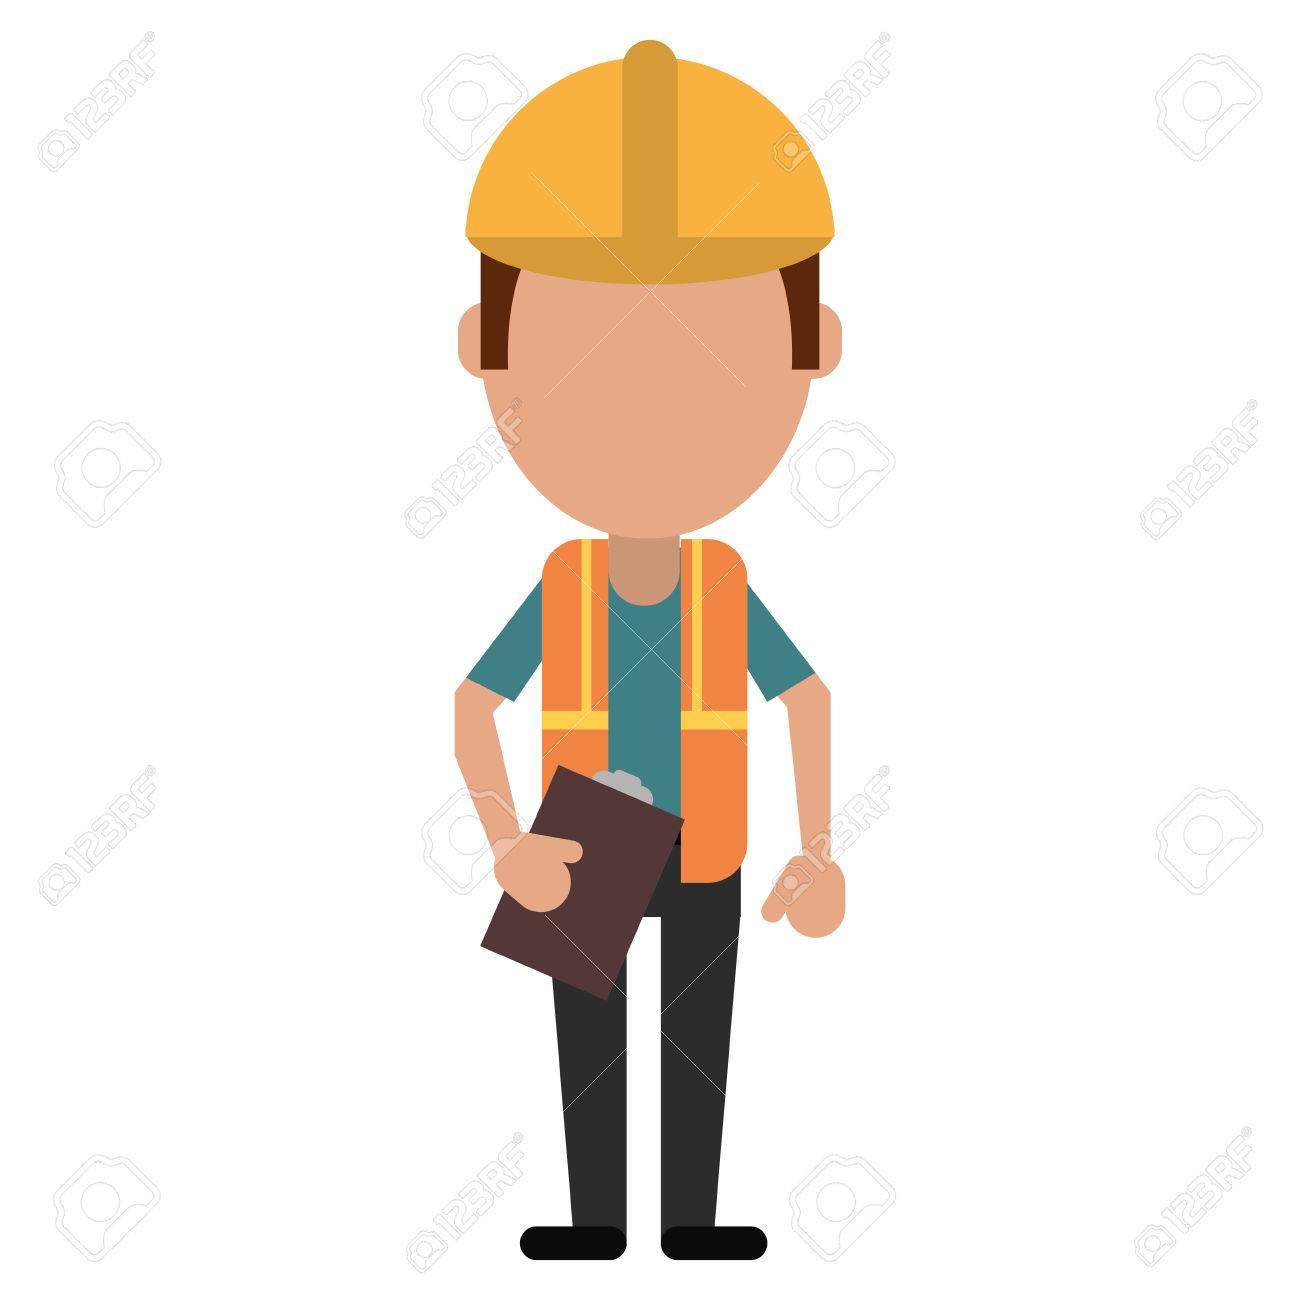 Foreman Construction Helmet Vest And Clipboard Vector Illustration Stock
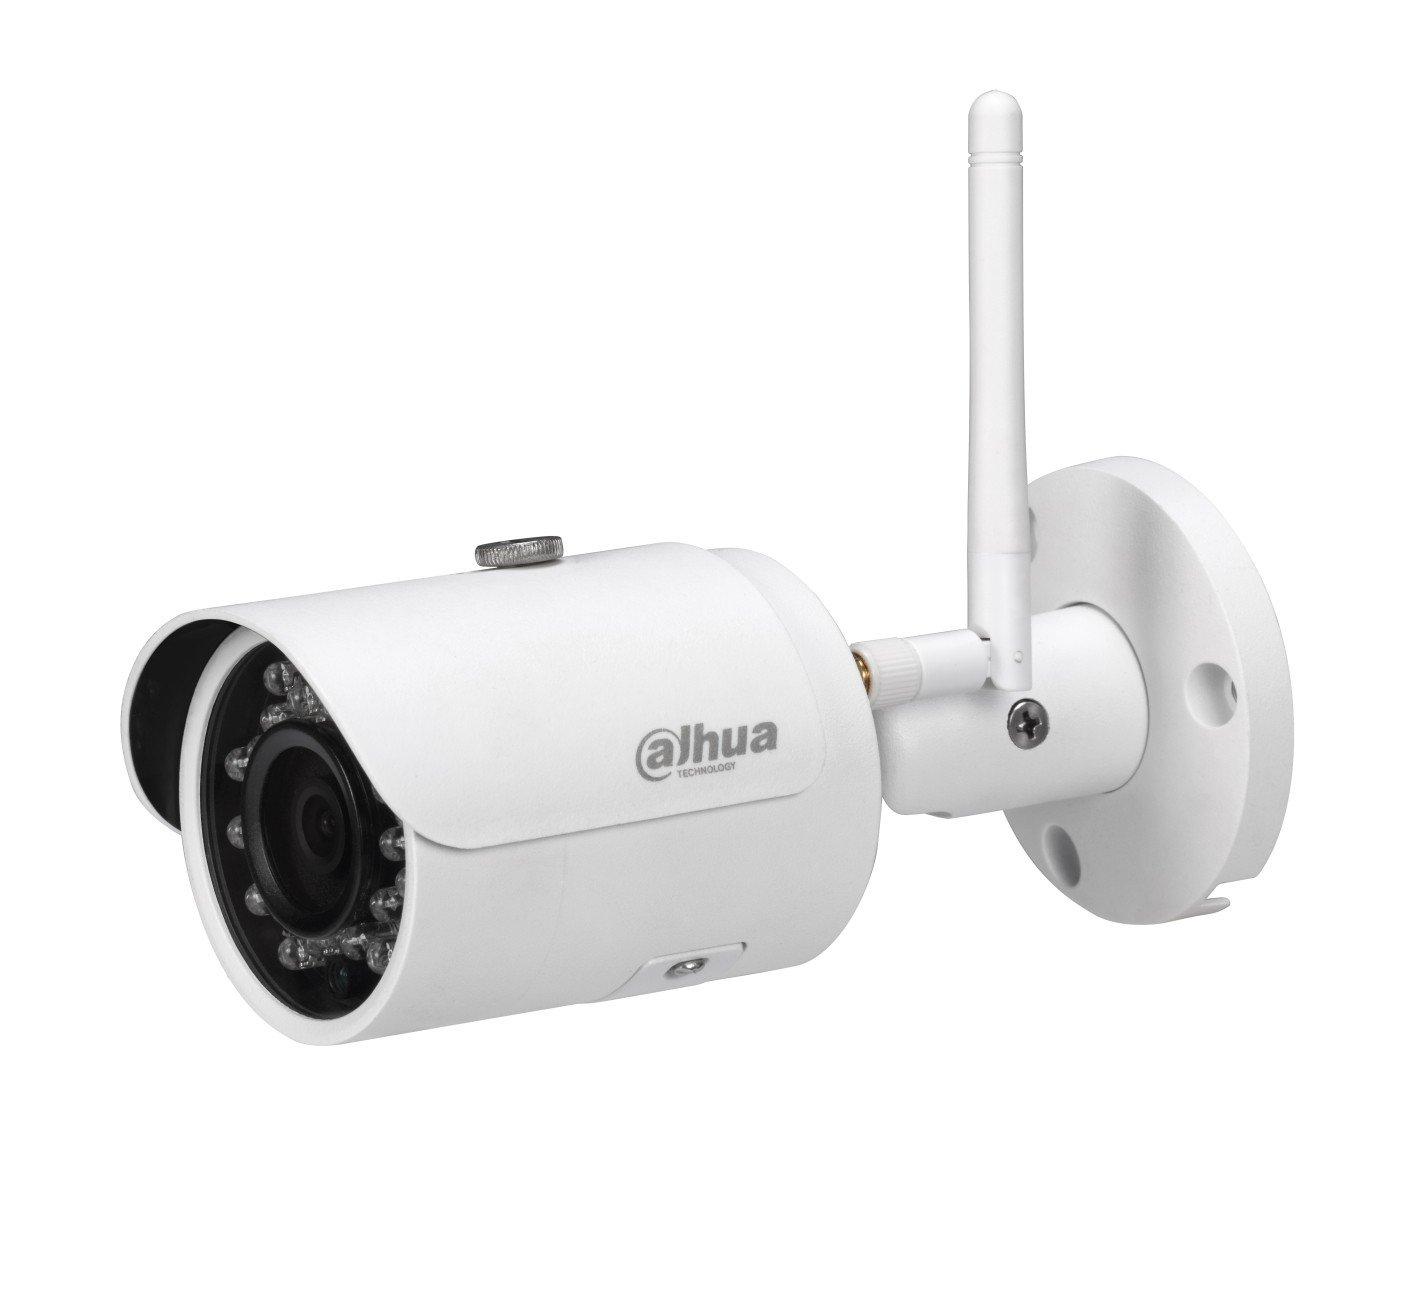 Ipcam Shop Dahua Easy4ip Ipc Hfw1435s W 4 Mp Hd Wifi
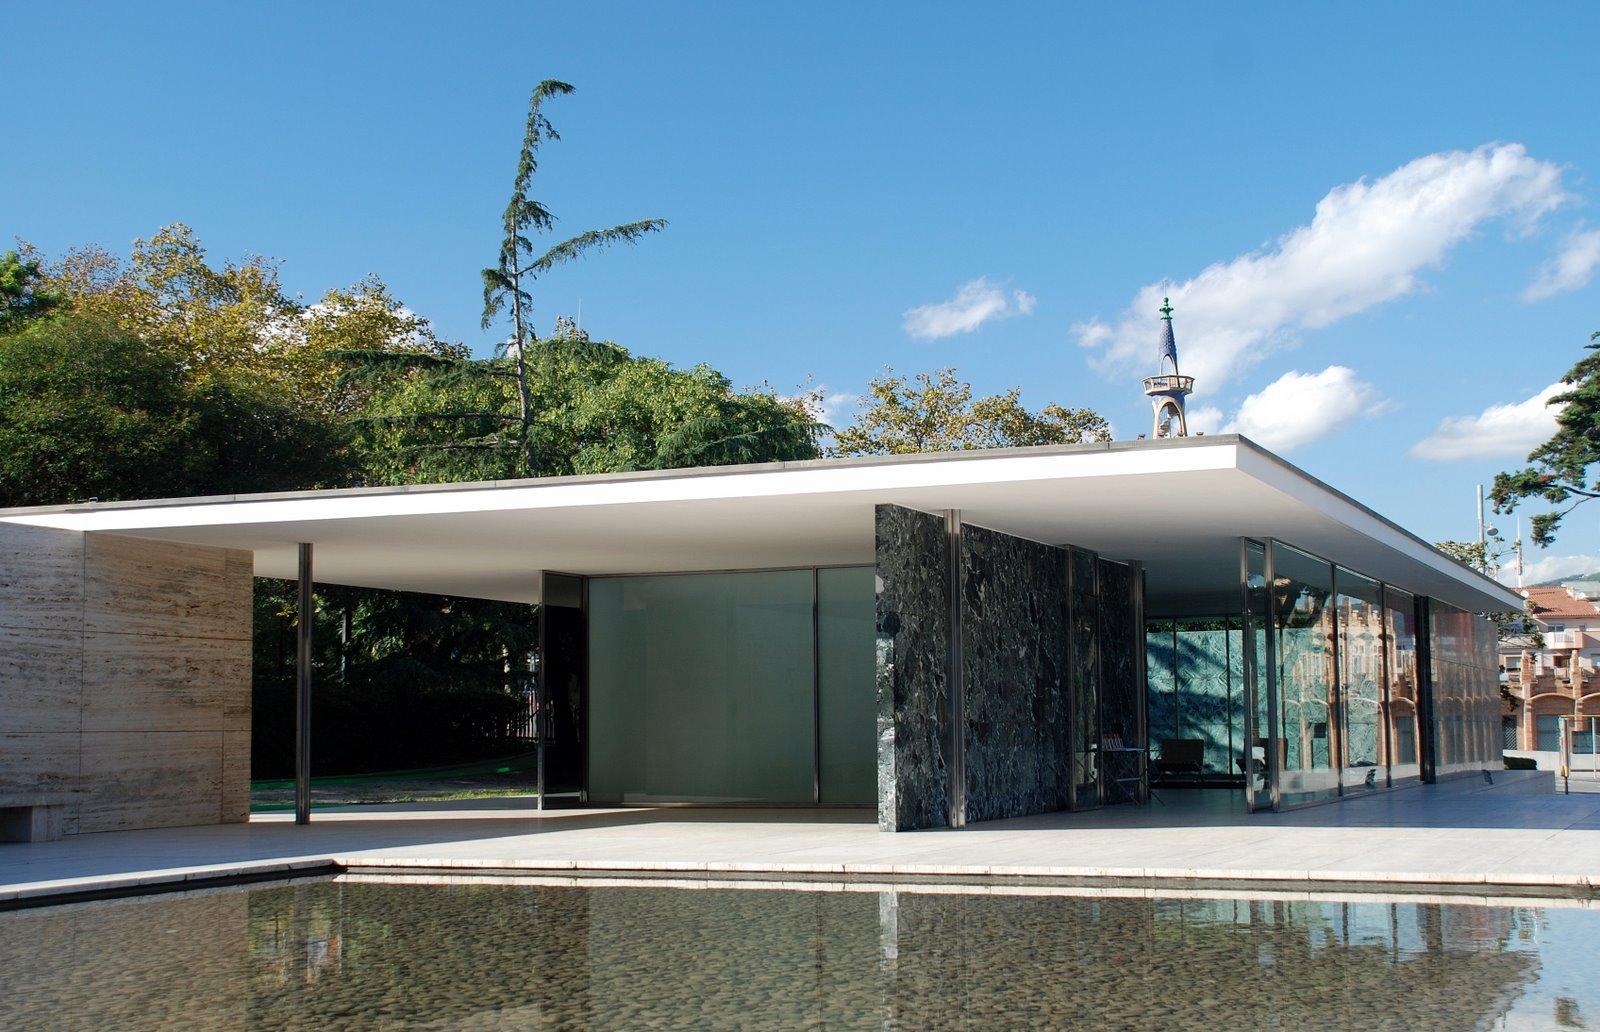 Barcelona Pavilion, Ludwig Mies van der Rohe, 1929

-------

◆ What to work on ◆
From the first line to the last, write out the data exactly, dropping any pictures.

◆ Output of the task ◆
 Foreman Construction Helmet Vest And Clipboard Vector Illustration Stock
 Ipcam Shop Dahua Easy4ip Ipc Hfw1435s W 4 Mp Hd Wifi
 Barcelona Pavilion, Ludwig Mies van der Rohe, 1929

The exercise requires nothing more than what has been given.